作者:斜阳边鹤
见苏青青只给他盛了一碗粳米粥并一小夹子素白菜,他学着原身,拉着娘亲袖子,十分讨好,“娘,我想吃鸡腿,想吃那个酱肘子。”
“夜食伤饱百病生,这个点那些你可吃不了。”苏青青此时却变得极其冷酷无情,不仅不给他添菜,还让丫鬟把荤食都撤了下去。
原身娘胎里伤了底子,饮食作息上要注意得太多。
大夫千叮咛万嘱咐,切忌重油重荤,尤其晚间不可多进食。
摸着饿得咕咕叫的肚子,顾悄突然后悔给原疏补习了。
族学每日上课时间很固定,早课七点到十一点,夫子领学,午课十一点到下午两点,学生自学,未时末一个小时,夫子考校。
三点下学,时间本该十分宽裕,怪就怪原疏太笨!
喝着清粥啃着白菜,顾悄一脸生无可恋。
苏青青好笑地摸了摸顾悄脑门,哄到,“乖,咱们喝了粥早些休息。明日我去跟夫子说,不许再留你。”
”娘!”顾悄顿觉亚历山大,“今天不是夫子留我,是我……是我自己与原子野好久不见,没注意就多叙了会。”
顾悄可不敢说他是在给原疏指导课业。
真叫他爹娘知晓,两人铁定得各种拦截他,不让他继续“误人子弟”。
毕竟原身,是真的从不务正业啊。
顾悄不由想起穿来第一天的乌龙始末。
他这个异时空的孤魂野鬼,接盘原身身体,记忆里最后的画面,就是几个纨绔子弟撅着屁股在酒楼斗蛐蛐。
因最爱的“黄大帅”枉死,原身哭了鼻子,被知州公子几人嘲笑没断奶,双方你来我往,口角升级成武斗,推搡中原身自个儿手里装戥子砣的玉盒子脱手,砸到后脑勺,登时人事不知。
按道理,那一下不足以致死,顾悄不知道原身怎么没了,也不知道自己为什么穿过来。
刚醒来的他两眼一抹黑,蹑手蹑脚从床上爬起,将原身卧房内外仔细翻找了一遍,除了一屋子吃食玩物,只看到一本像样子的书。
还是拿来垫桌底的。
他蹲着身子,想把那本书抽出来——
“哎呀,少爷您可算醒了!”
一声叫唤吓得他人一抖,桌腿一崴,百余斤的敦厚实木书案正正压上了他的手。
等琉璃手忙脚乱救出他的手,顾悄娇气包的身体早就红了鼻头,飙出两行热乎男儿泪。
琉璃见状,怜惜不已,扯过他的手给他“呼呼”吹了几下,一边哄小孩似的安慰,“三爷不哭,吹吹就不痛了,没破皮,就淤了点血,我这去请李二大夫!”
顾悄举着石化了的手指头,自脱掉开档裤以来,头一次体会到什么叫羞耻。
他直愣愣看着丫头着急忙慌冲出房门,吩咐外间小丫头请大夫的请大夫,叫夫人的叫夫人,最终,这点小伤,惊动了一家老小。

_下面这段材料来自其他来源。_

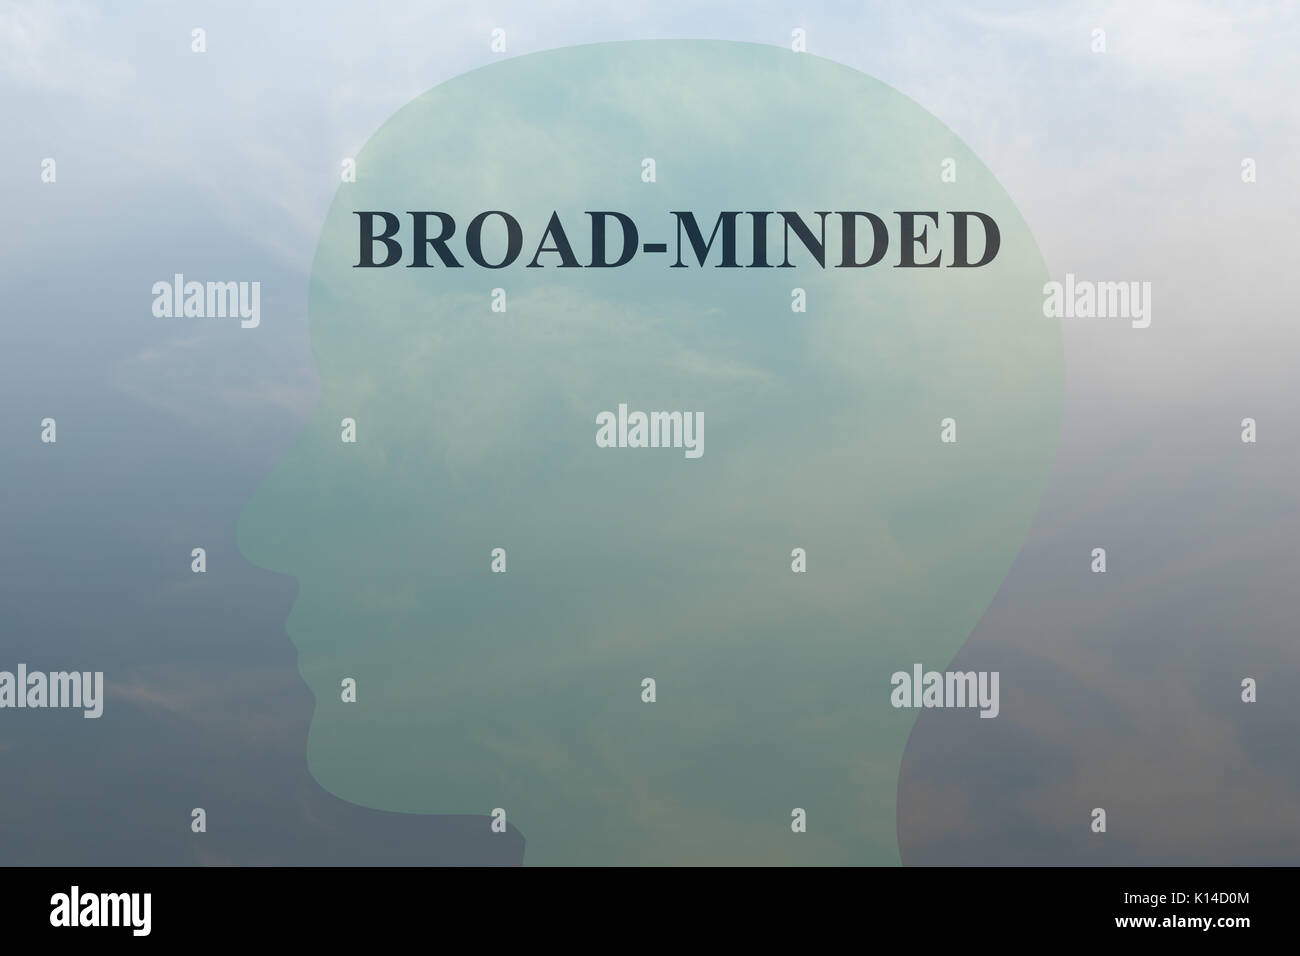 Render illustration of 'BROAD-MINDED' script on head silhouette, with cloudy sky as a background. Stock Photo

“哎呀,可怜我儿,才被砸了头,又被压了手,改明儿我去庙里替你请个愿求个符,好叫那些厄运离你远远儿的。”原身他娘苏青青一口京腔听上去倒很亲切。
“怎么这般不小心,没事动那跛腿书案子做什么!爹马上让人给你换了,这本破书,尽早扔了了事。”顾准当了几十年官,板起脸来还有那么几分吓人,可说出的话却叫人哭笑不得。
直到曲终人散,顾悄都没机会摸上那本书。
就这样养出来的小公子,帮别人辅导,谁能信?
第006章
原本醒来他就该入学了,谁料手下这一压,大夫来一趟,生生推迟到了年后。
“小公子顽皮,虽是皮外伤,但十指连心,淤血一时难消,怕还是得痛上一阵子,我这就开一副活血化瘀的外用药,每日早午晚涂抹三次,配以热敷,三日后即可恢复。”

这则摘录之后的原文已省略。